## Description of the task
Write out only the lines from the line containing "Pablo de Olavide" to the end of the listing below, both included, exactly as they stand. Drop the pictures.

## Data
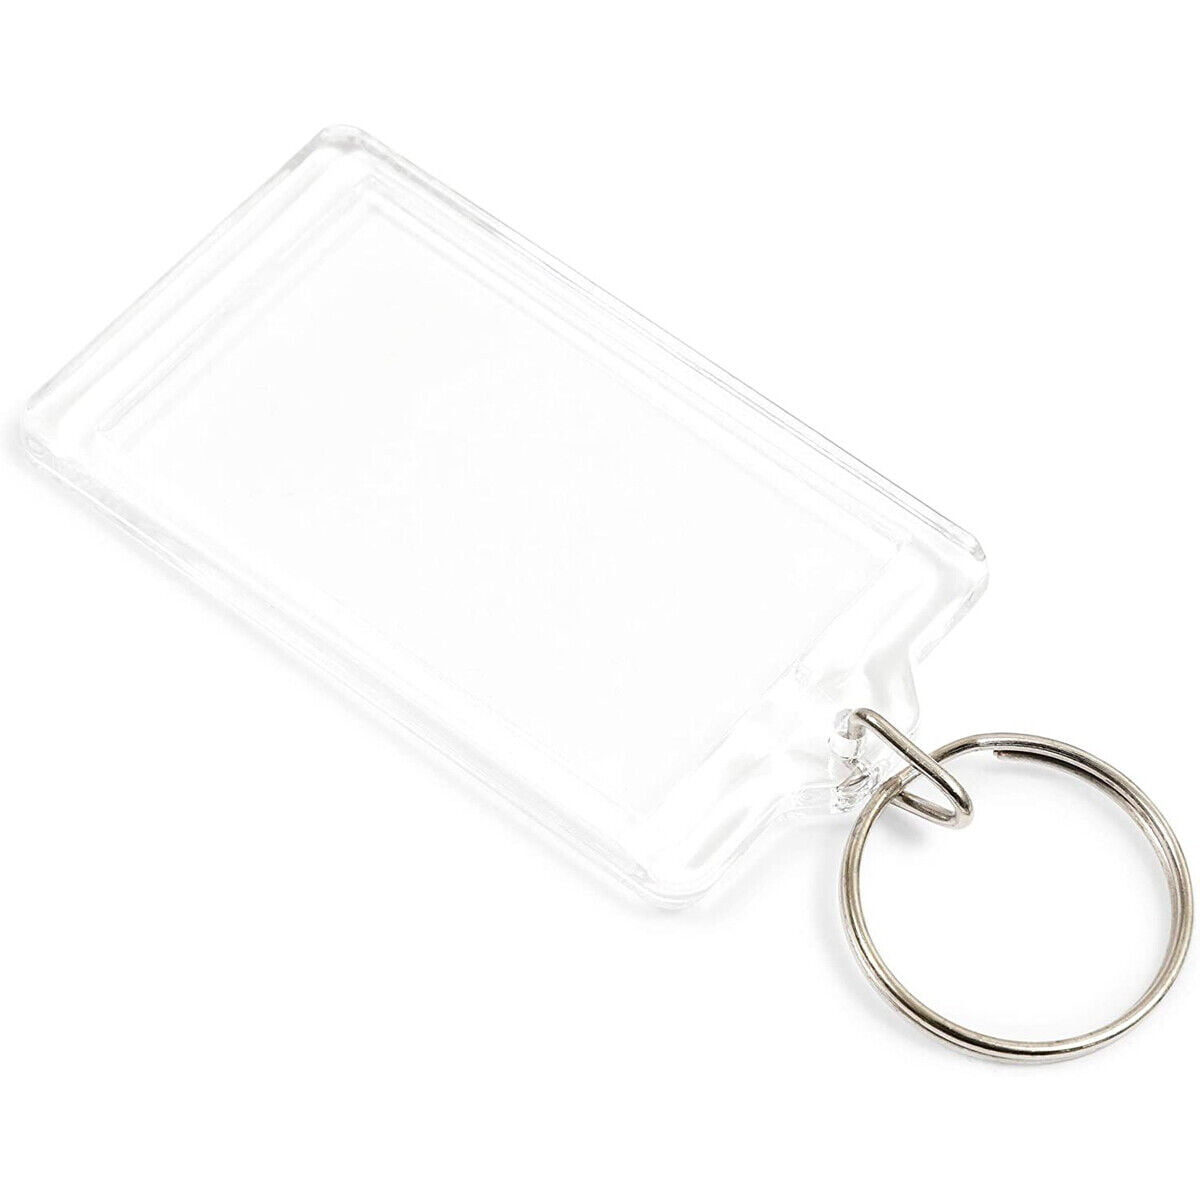 Blank keychain Clear Acrylic Insert photos DIY 24pcs size 1.5 by 2.5
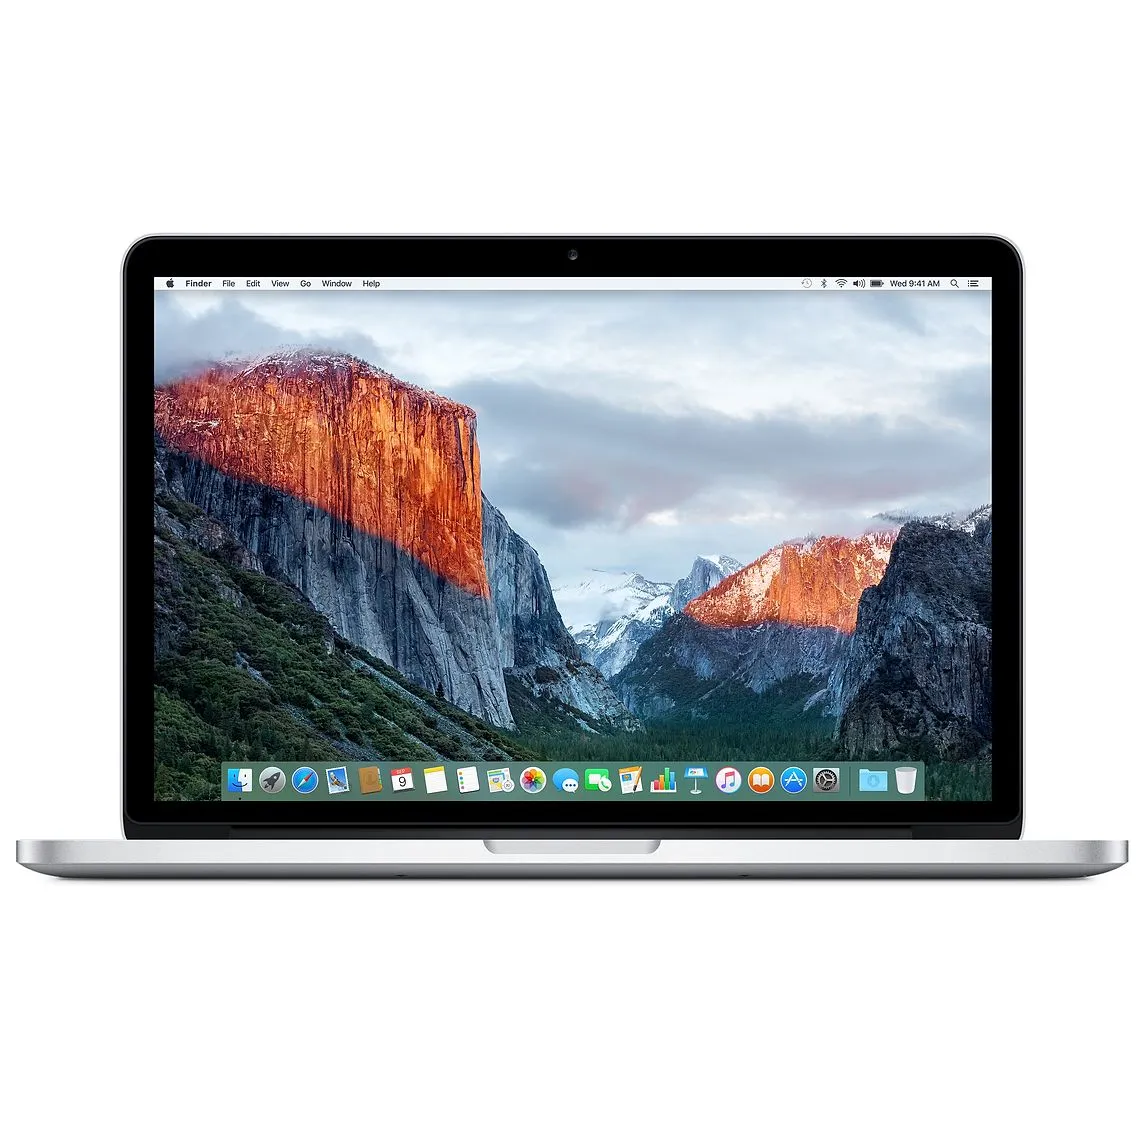 Macbook Pro 15-Inch “Core i7” 2.4 GHz (Early 2013) 8GB RAM, 512GB SSD Silver
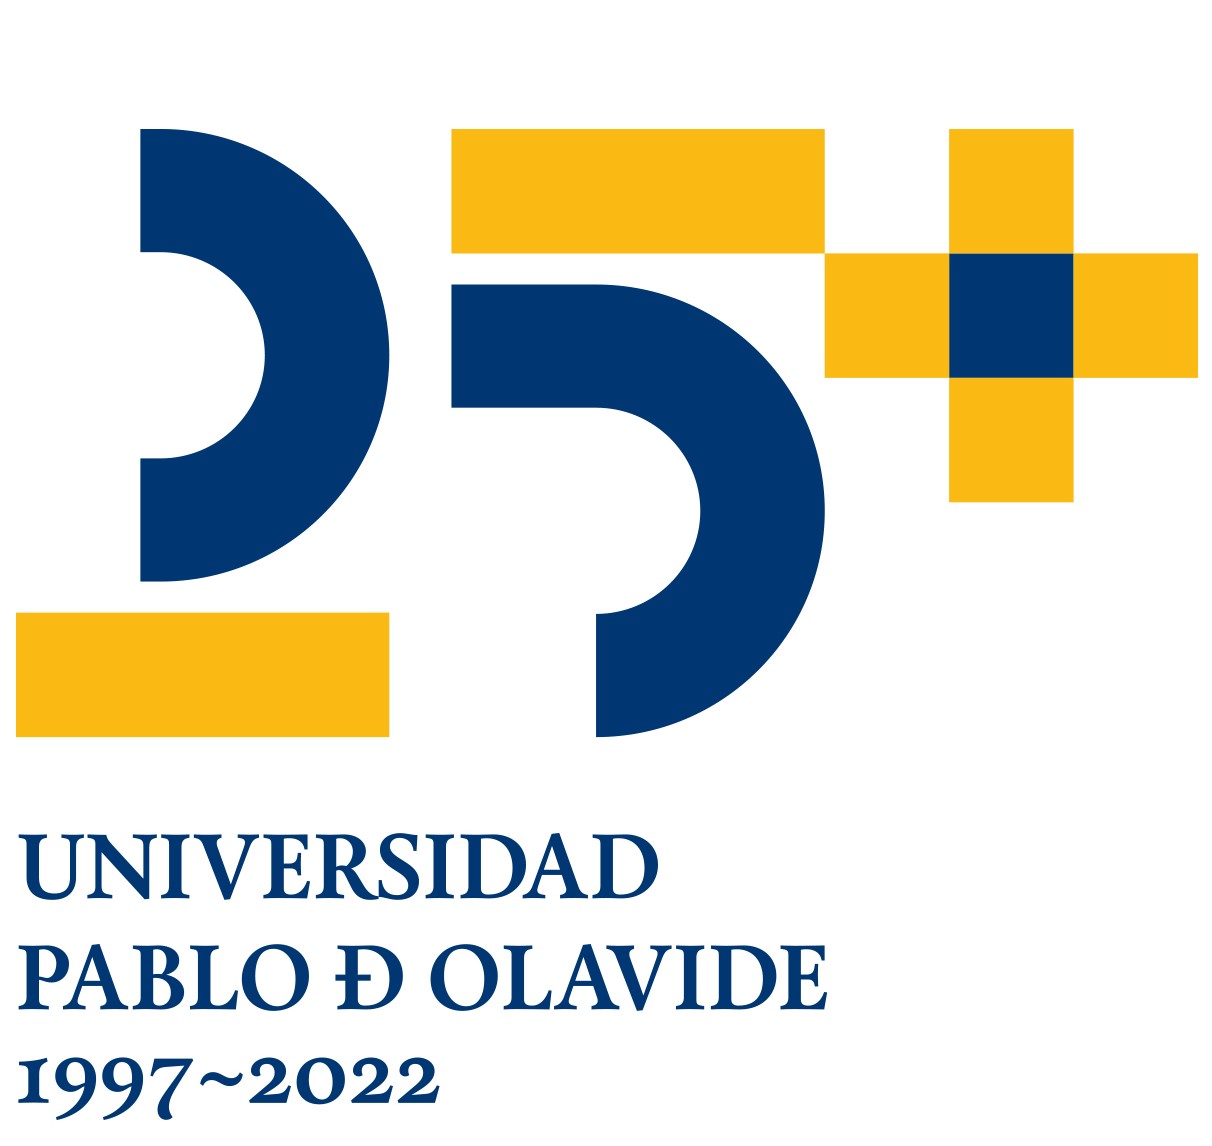 Pablo de Olavide University Faculty of Business
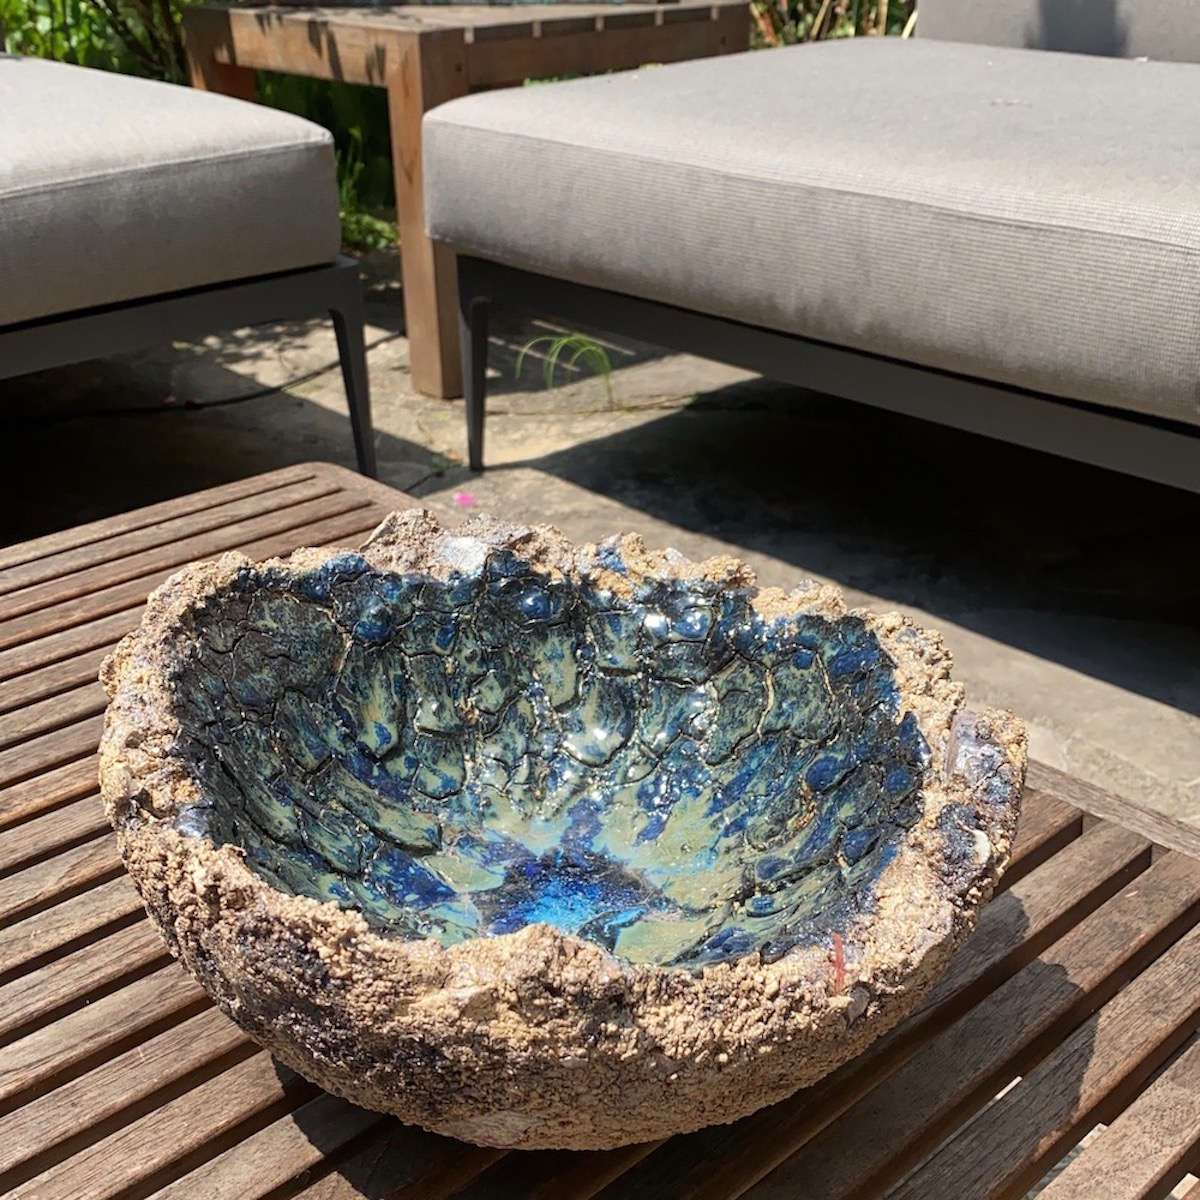 ceramic ornamental bowl on table

## Problem solution
 Pablo de Olavide University Faculty of Business
 ceramic ornamental bowl on table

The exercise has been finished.